Personal information
- Full name: Samantha Mary Kerr
- Date of birth: 17 April 1999 (age 27)
- Place of birth: Falkirk, Scotland
- Height: 1.68 m (5 ft 6 in)
- Position: Central midfielder

Team information
- Current team: Liverpool
- Number: 24

Youth career
- 2012–2014: Falkirk Girls
- 2014–2015: Central Girls

Senior career*
- Years: Team / Apps / (Gls)
- 2015: Central Girls
- 2016–2020: Glasgow City
- 2021–2023: Rangers / 59 / (15)
- 2023–2025: Bayern Munich / 21 / (0)
- 2025: → Liverpool (loan) / 11 / (0)
- 2025–: Liverpool / 10 / (0)

International career^{‡}
- 2014: Scotland U16 / 2 / (0)
- 2015–2016: Scotland U17 / 9 / (0)
- 2016–2018: Scotland U19 / 8 / (3)
- 2020–: Scotland / 34 / (1)

= Sam Kerr (footballer, born 1999) =

Scottish footballer (born 1999)

Samantha Mary Kerr (born 17 April 1999) is a Scottish professional footballer who plays as a central midfielder for Women's Super League club Liverpool and the Scotland national team. She has previously played for Central Girls, Glasgow City, Rangers and Bayern Munich.

==Club career==
Kerr played for Central Girls (previously Falkirk FC Girls) from age 12 to 16. In May 2015, she captained Graeme High School to the Scottish School Girls Cup.

===Glasgow City===
In January 2016, at the age of 16, Kerr signed for Glasgow City. Of her signing, Glasgow City head coach Scott Booth said, "Sam Kerr is a young player with special qualities... We are delighted she has chosen to join Glasgow City to further develop her talents as she progresses into a fantastic career in the game." In March 2016, she helped the club defeat Glasgow Girls to advanced to the semi-finals of the Scottish Women's Premier League Cup. Kerr was a member of The Glasgow City squad that won the SWPL for the 10th consecutive year at the end of the 2016 season; this was the first time in Scottish football history that any senior club achieved this (no men's team amassed more than nine in a row).

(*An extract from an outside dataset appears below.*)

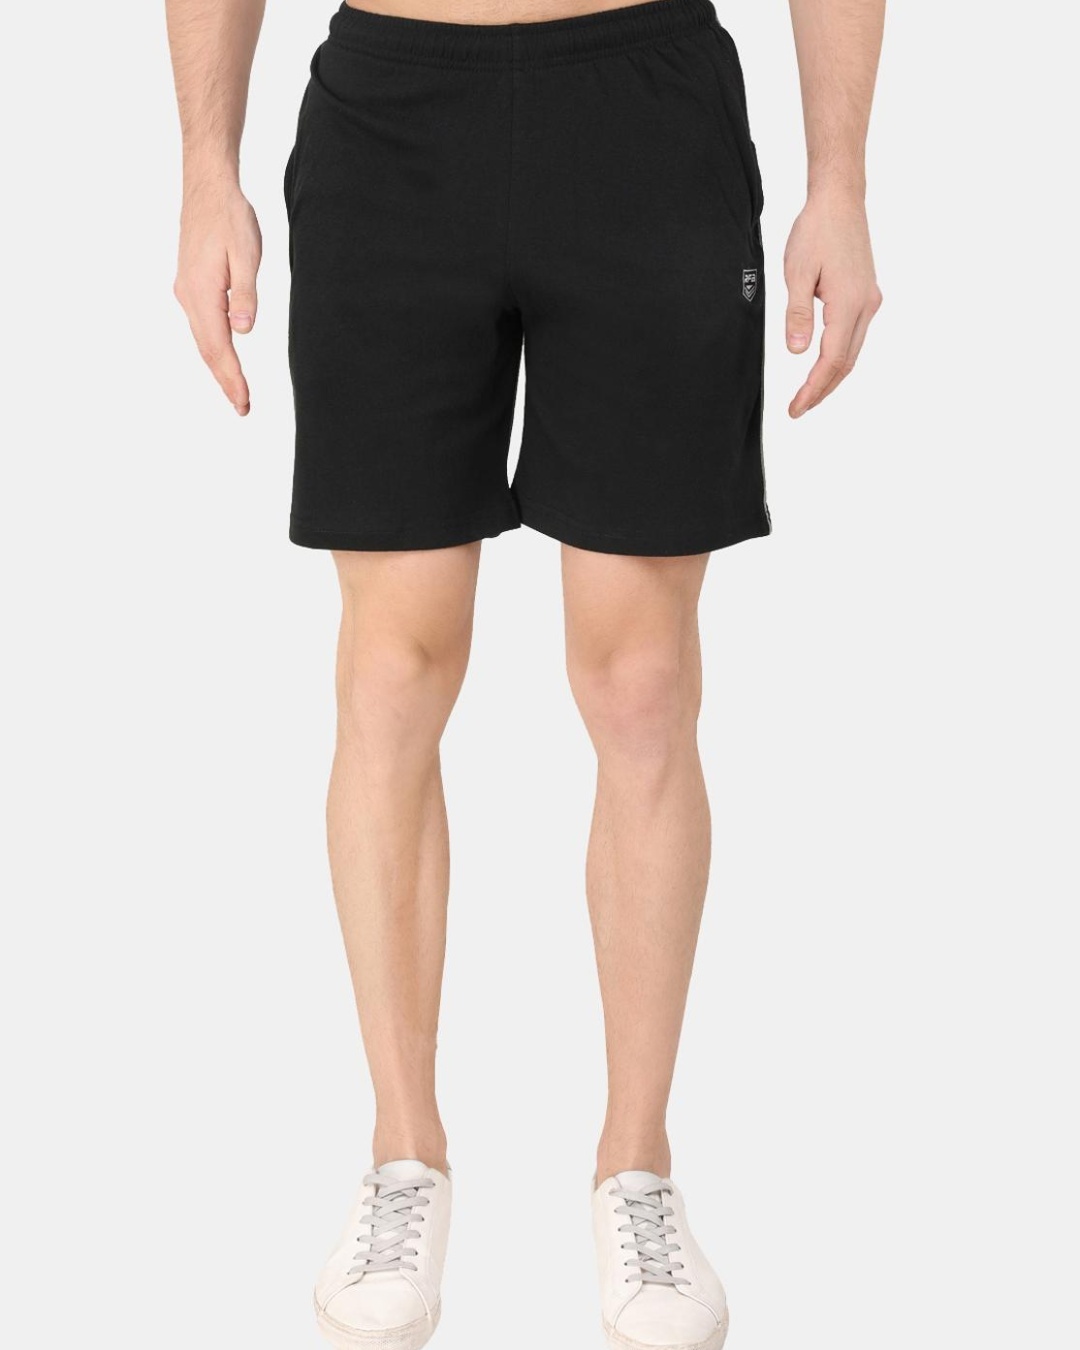 Buy Men's Black Shorts for Men Black Online at Bewakoof

She also participated in more title wins in 2018, 2017 and 2019 – the 2020 season was cancelled due to the COVID-19 pandemic in Scotland – and played in the UEFA Women's Champions League, reaching the quarter-finals of the competition in 2019–20.

===Rangers===
In December 2020, Kerr moved to Rangers on a pre-contract arrangement agreed six months earlier (teammate Kirsty Howat made the same switch). In the 2021–22 season, she scored the first-ever goal scored by the women's team at Ibrox Stadium in a win over Aberdeen, and was named in the PFA Scotland Team of the Year as Rangers won the SWPL championship for the first time.

===Bayern Munich===
Kerr signed a three-year contract with Bayern Munich on 30 May 2023. She was part of the squad which won the Frauen-Bundesliga in the 2023-24 season.

====Liverpool (loan)====
On 8 January 2025, Kerr joined Liverpool on loan for the remainder of the 2024–25 season. On 18 July 2025, it was announced that Kerr had joined Liverpool permanently on transfer.

==International career==
Kerr has represented Scotland at the under-15 and under-17 levels including the group stage of the 2014 UEFA Women's Under-17 Championship. Her UEFA competition debut was on 9 October 2014 against Montenegro. Samantha has also represented Scotland at the under-19 level at The Euros and The La Manga Cup in Spain. She was added to the full Scotland squad for the first time in November 2018, and was one of two uncapped players picked for the 2020 Pinatar Cup. Kerr made her full international debut in that tournament, playing the last 13 minutes of a 3–0 win against Ukraine on 4 March.

== Career statistics ==
=== Club ===

Appearances and goals by club, season and competition
| Club | Season | League |  |  | National cup |  | League cup |  | Continental |  | Total |  |
| Division | Apps | Goals | Apps | Goals | Apps | Goals | Apps | Goals | Apps | Goals |
| Rangers | 2020–21 | SWPL | 16 | 6 | — |  | — |  | — |  | 16 | 6 |
| 2021–22 | SWPL | 15 | 3 | 1 | 0 | 3 | 2 | — |  | 19 | 5 |
| 2022–23 | SWPL | 28 | 6 | 2 | 1 | 1 | 0 | 4 | 0 | 35 | 7 |
| Total |  | 59 | 15 | 3 | 1 | 4 | 2 | 4 | 0 | 70 | 18 |
| Bayern Munich | 2023–24 | Frauen-Bundesliga | 13 | 0 | 3 | 0 | — |  | 1 | 0 | 17 | 0 |
| 2024–25 | Frauen-Bundesliga | 8 | 0 | 1 | 0 | — |  | 2 | 0 | 11 | 0 |
| Total |  | 21 | 0 | 4 | 0 | 0 | 0 | 3 | 0 | 28 | 0 |
| Liverpool (loan) | 2024–25 | Women's Super League | 11 | 0 | 3 | 1 | 1 | 0 | — |  | 15 | 1 |
| Liverpool | 2025–26 | Women's Super League | 8 | 0 | 0 | 0 | 2 | 1 | — |  | 10 | 1 |
| 2026–27 | Women's Super League | 2 | 0 | 0 | 0 | 0 | 0 | — |  | 2 | 0 |
| Total |  | 10 | 0 | 0 | 0 | 2 | 1 | 0 | 0 | 12 | 1 |
| Career total |  |  | 105 | 15 | 10 | 2 | 7 | 3 | 7 | 0 | 125 | 20 |

===International===

Appearances and goals by national team and year
| National team | Year | Apps | Goals |
| Scotland | 2020 | 1 | 0 |
| 2021 | 1 | 0 |
| 2022 | 7 | 0 |
| 2023 | 11 | 1 |
| 2024 | 12 | 0 |
| 2025 | 2 | 0 |
| Total |  | 34 | 1 |

Scores and results list Scotland's goal tally first, score column indicates score after each Kerr goal.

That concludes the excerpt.